Wednesday, October 9, 2013

Acid Rain Impacts

Location of acid rain and trends
Urban air pollution is probably the most well-known problem created by rapid industrialization. Air pollution around major factories, thermal power plants, open mines and quarries has attracted a lot of attention. Rain over India is much less acidic than most of the other countries in Asia, Europe and North America. However, it has become more and more acidic over the last few decades.

The pH of rain in India ranges from 5.9 to 8.4, and the average is about 6.7. India seems to be much better off than the USA (4.15–6.19), Canada (4.23–5.96), Germany (4.05–4.25), Norway (4.10–4.40), and most other countries. However, there are places in India where things are not so good. Parts of south Bihar and West Bengal are likely to be the worst affected, along with the southernmost tip of the Indian peninsula. Occasional rains with a pH of 4.8 have been reported from Chembur in Mumbai and a pH of 4.5 from Delhi. The more worrying trend is the gradual acidification of the rain in India over the last couple of decades – the pH has decreased from 7.0 to 6.1 in Delhi, and from 9.1 to 6.3 in Agra.



Causes and impacts
Thermal power plants in India, which generally use coal with relatively high sulphur content (0.5 per cent to three per cent), are the major source of oxides of sulphur – they release about 2,500 tons per year. Oxides of nitrogen are produced during high-temperature combustion. The greatest source of nitrogen oxides is road vehicles.

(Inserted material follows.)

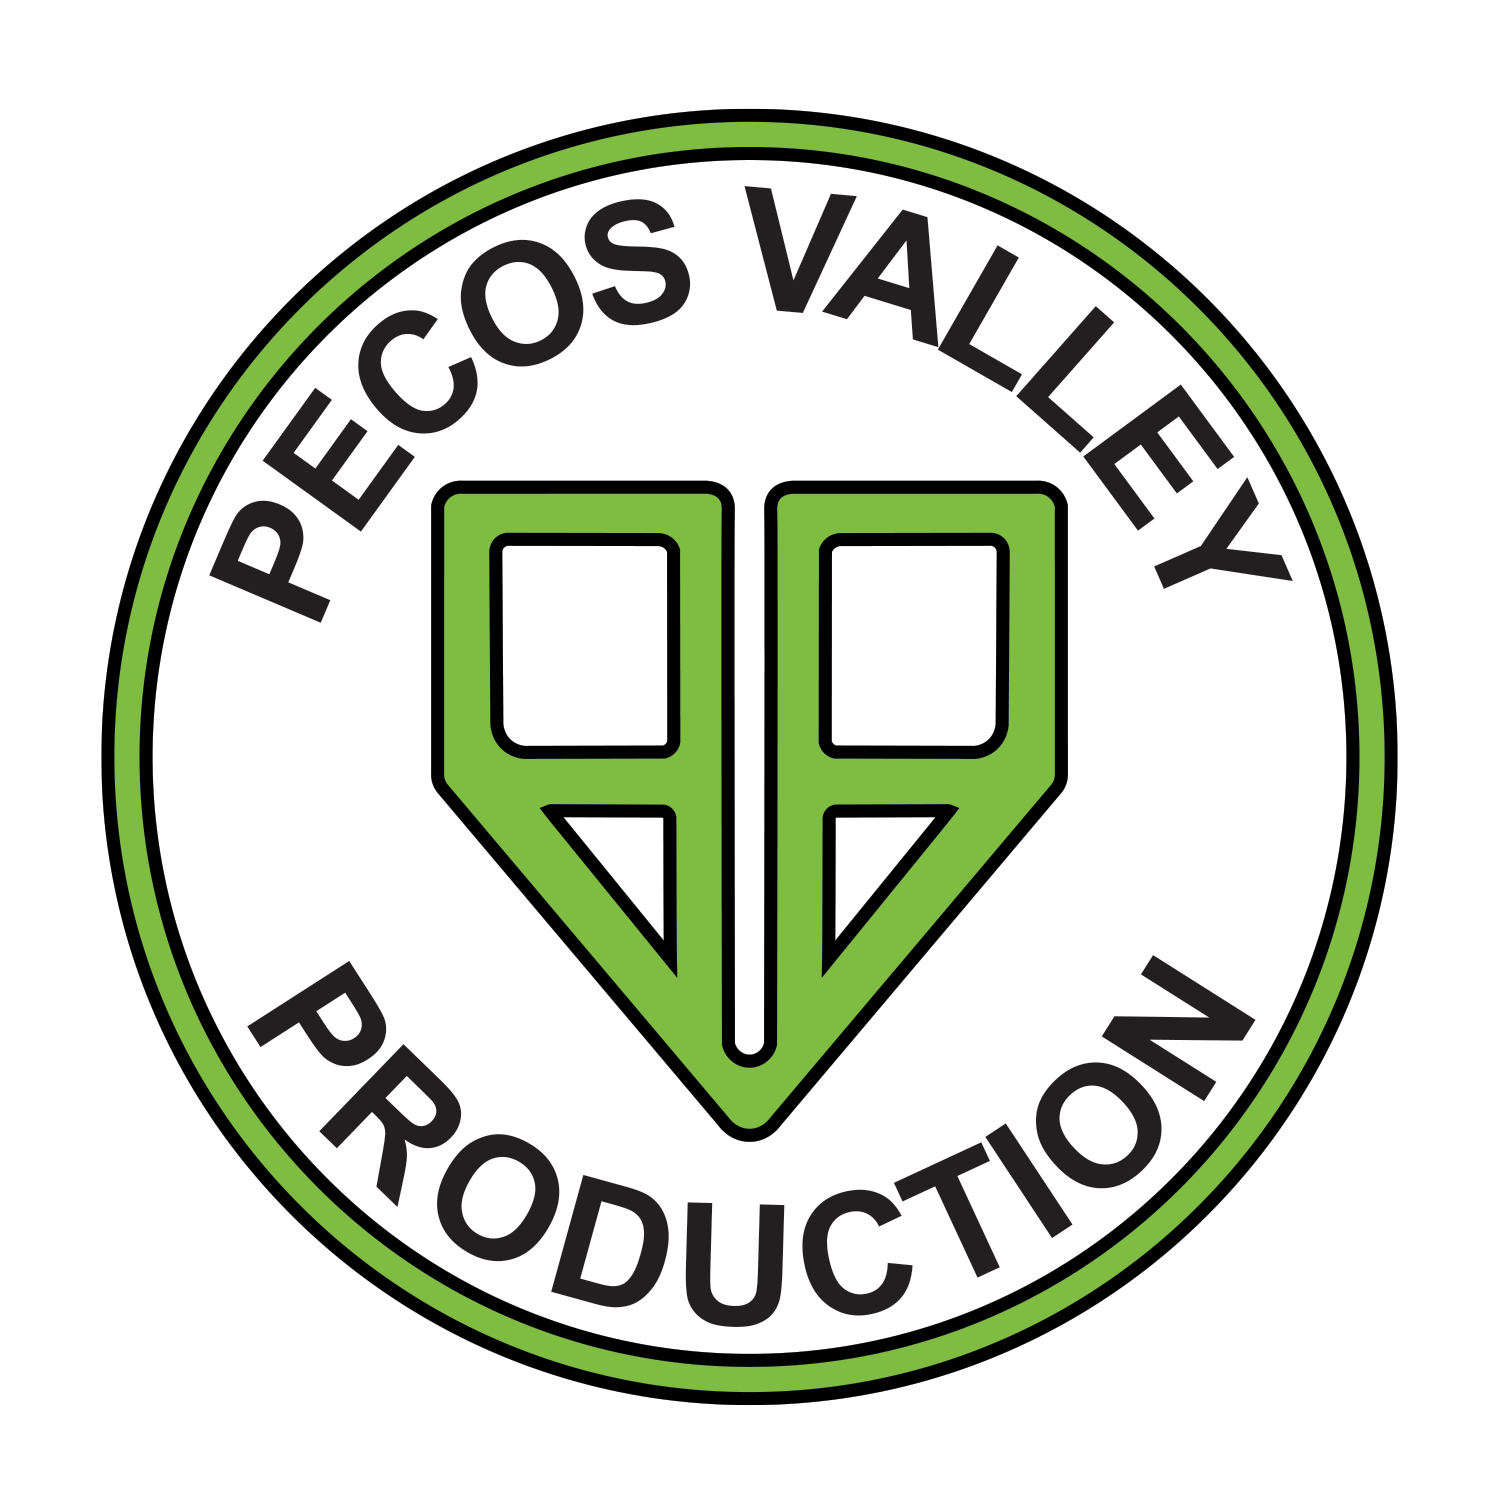 Pecos Valley Production - Portales-logo

India has been rather lucky to have predominantly alkaline-rich soils. For example, in the Thar Desert in the northwest of India, the aerosols from coastal areas help reduce the acidity to a considerable extent. Higher temperatures prevalent in India also contribute towards transforming the oxides of sulphur to sulphates and oxides of nitrogen to nitrates. India also does not have natural sources of sulphur emission like volcanoes. These factors have kept the acid rain in check so far. However, the emissions from the increasing number of power plants, industries, fossil-fuel burning and vehicles have gradually begun to overcome the natural checks. In 1990, none of the ecosystems in India was threatened by acid rain. However, if steps are not taken to control emissions, by the year 2020 about 85 per cent of the ecosystems will be threatened by acid rain.

Possible solutions
India’s solutions are similar to that of many other countries: the use of cleaner fuels, a gradual switching to renewable energy and the use of catalytic converters. In addition, a 66–130 million-hectare wasteland should provide enough ground for growing biomass and using renewable sources of energy in a sustainable manner.